More from David Goldman, one of my favorite authors on China:
The damage to capital investment and R&D in the Western semiconductor industry will exceed Washington’s modest subsidies for the chip industry by a factor of five or more.
It will also elicit an all-out Chinese effort to replace American chip-making and design technology. CapEx and R&D will shrink drastically in the US semiconductor industry while China allocates a massive budget to the sector.
China is by far the world’s largest consumer of semiconductors, with 53 percent of the global total. The US manufactures just 12 percent of the world’s chips, but it leads in some areas of chip technology, including some chip-making equipment.
Two years ago, a Boston Consulting Group study warned that an all-out US ban on chip sales to China would eliminate 37 percent of the revenue of US semiconductor companies, lead to severe cuts in R&D and capital expenditures, and the loss of 15,000 to 40,000 highly skilled direct jobs in the US semiconductor industry.”
Mainland China has 20 of the world’s 50 highest-ranked engineering schools and more if Hong Kong is counted and graduates seven times the American count of engineers each year. China can’t buy some American technology, but it can hire anyone it wants.
Even “The Economist” has weighed in with the apparent contradiction of Washington funding US chip production with the Chips Act and then cutting demand. All of this is amid a global glut in chips!
The chips act, which became law in August to cheers from chip bosses, is stimulating the supply side of the semiconductor business just as the Biden administration is stepping up efforts to stop American-made chips and chipmaking equipment from going to China, dampening demand for American products in the world’s biggest semiconductor market.
Whether or not it makes strategic sense for America to bring more chipmaking home and to hamstring its geopolitical rival with export bans, the combination of more supply and less demand is a recipe for trouble. And if America’s policies speed up China’s efforts to “resolutely win the battle in key core technologies”, as President Xi Jinping affirmed in a speech to the Communist Party congress on October 16th, they may give rise to powerful Chinese competitors. Field of dreams? Enough to keep you awake in terror at night.
4. Why it won’t work
At best, these bans will delay China’s chip-making ambitions, but they cannot derail them entirely. Claims of “shock and awe” and that the bans represent a permanent debilitating blow ring as hollow as the sanctions on Russia. Worst of all, the US will create a global competitor of unprecedented scale and hasten tech bifurcation. In a not too distant future, the choice between China and US tech will be even more difficult, particularly within the developing world. Can US tech compete on price?
Again, these bans are severe, and many proponents will feel an immediate sense of glee for knee-capping China’s chip efforts. However, I predict their happiness will be short-lived, and those in Washington profiting from a “tough stance on China” will cause many more problems than they know. Again, it won’t happen overnight, but remember, this is China, where long-term planning far exceeds the four-year election cycle.
As an example of how China will evade these bans, look at what China was already doing after the last set of prohibitions.

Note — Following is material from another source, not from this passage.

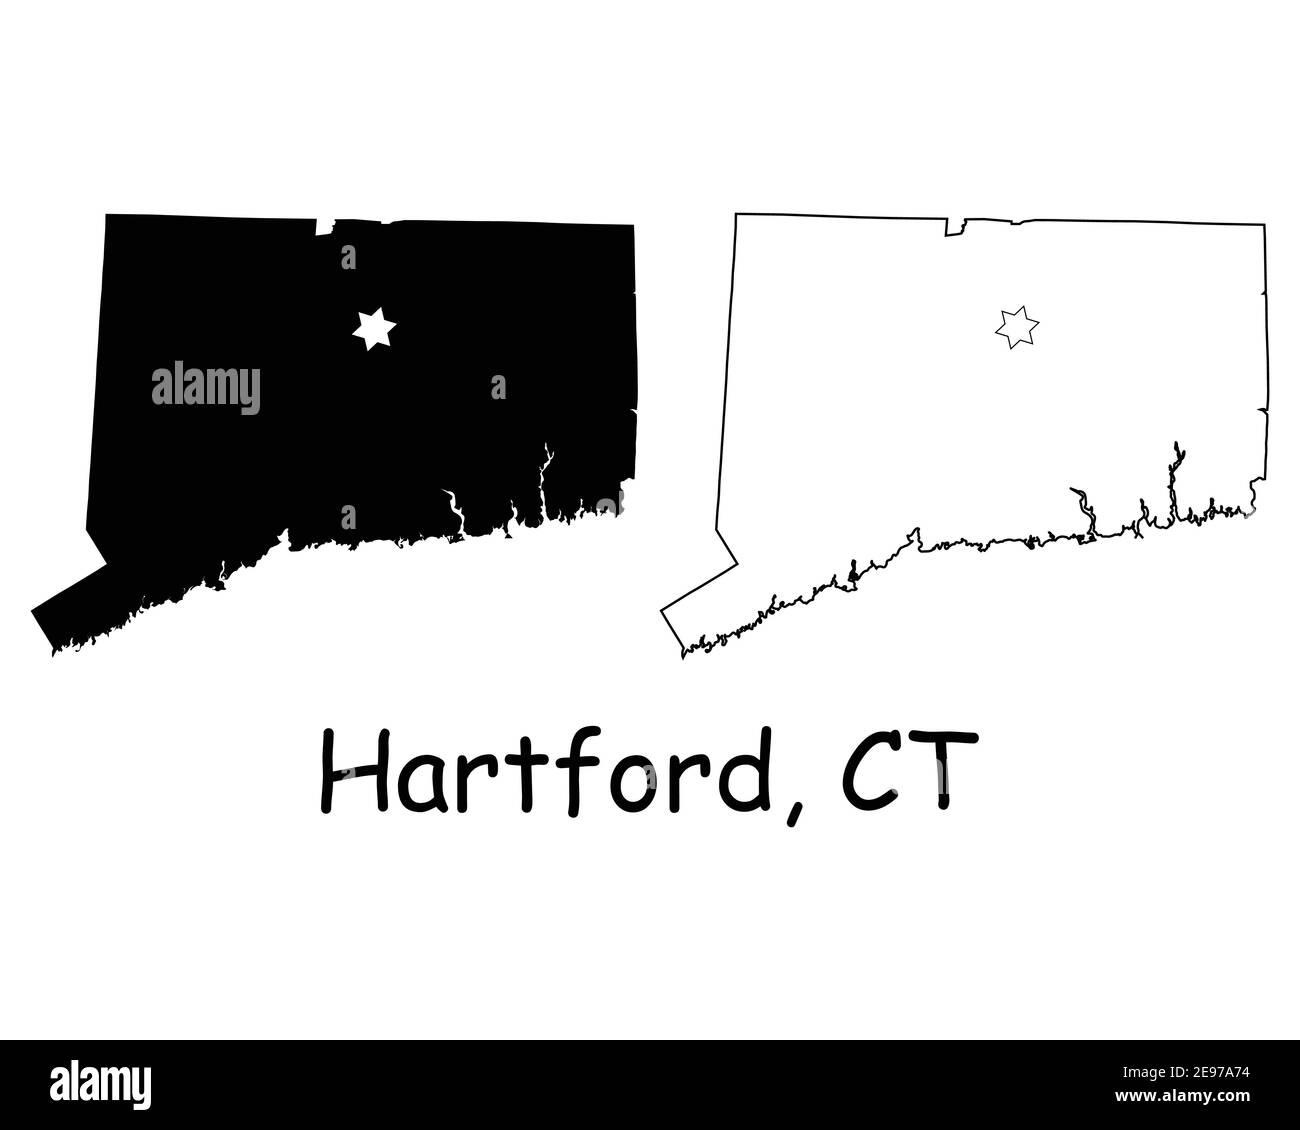 Connecticut CT State Map USA mit Capital City Star in Hartford. Schwarze Silhouette und Umrisskarten auf weißem Hintergrund isoliert. EPS-Vektor Stock Vektor

As harsh as the new bans sound, they have loopholes big enough to drive a truck through. Here’s how China is going to work around these bans. Scott Foster in the Asia Times makes this clear that cost is no object:
The US government is in the process of creating a competitor that it won’t be able to control while forcing American companies to abandon a massive market that until now has supported their sales, profits, economies of scale and stock prices.
“Higher costs would threaten the competitiveness of chips for consumer devices, as seen by how US sanctions nearly bankrupted ZTE and hobbled Huawei. But cost won’t deter the use of these pricier chips for military and other strategic purposes. The growing use of artificial intelligence—where China already has world-class strengths—in chip manufacturing and accumulated experience could also reduce the cost of alternatives, making export control measures less effective over time.”
Technological workarounds are already bridging the gap between China’s current capabilities and the industry’s leading edge. These include clever packaging and maximum use of DUV ArF immersion lithography.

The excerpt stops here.